Originally publishedhttps://doi.org/10.1161/STROKEAHA.122.038818Stroke. 2022;53:e242–e245

Abstract

Background:

Patients with mild cognitive impairment may be at higher risk of incident stroke, but the effect of intensive blood pressure (BP) control on that risk has not been explored.

Methods:

We performed a post hoc analysis of SPRINT (Systolic Blood Pressure Intervention Trial) and included patients with a baseline Montreal Cognitive Assessment score of 19 to 25 and without a prior history of stroke. The primary outcome was incident stroke (ischemic and hemorrhagic) during follow-up. We report the unadjusted cumulative risk of our primary outcome by SPRINT randomization arm (intensive versus standard BP control) and also fit Cox models to the primary outcome and adjusted for patient age at randomization, race/ethnicity, sex, baseline BP, atrial fibrillation, diabetes, and smoking.

Results:

We included 5091 patients (mean age 68.2, 44% female, 56.7% non-Hispanic White, and 50.2% randomized to intensive BP control), of which 95/5091 (1.9%) had an incident stroke during a mean of 3.8±0.9 years of follow-up.

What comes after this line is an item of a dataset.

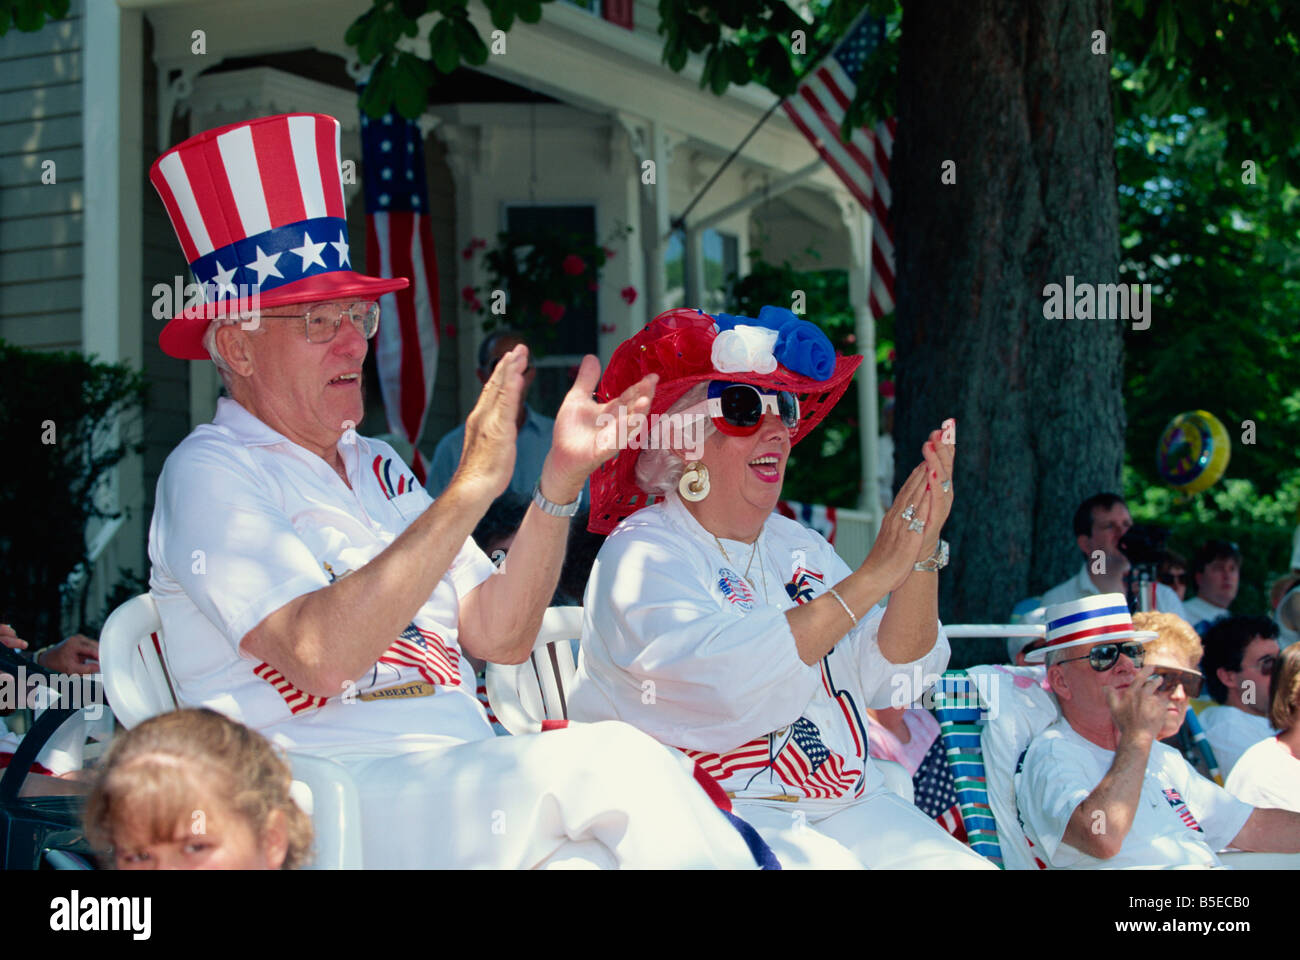 Les gens applaudissent passant 4 juillet parade, Rhode Island, New England, USA, Amérique du Nord Banque D'Images

The risk of incident stroke in patients randomized to standard BP control was 57/2536 (2.3%) and to intensive BP control was 38/2555 (1.5%; P=0.045). In the adjusted Cox model, the hazard ratio for incident stroke events with intensive BP control was 0.65 (95% CI, 0.43–0.98; P=0.040).

Conclusions:

Although the SPRINT trial failed to show a reduction in stroke with intensive BP control for all subjects, those with a Montreal Cognitive Assessment score consistent with mild cognitive impairment at baseline had an association between intensive BP control and lower risk of incident stroke. Future trials of primary prevention of stroke may benefit from enrichment using baseline vascular biomarkers of elevated risk, such as mild cognitive impairment.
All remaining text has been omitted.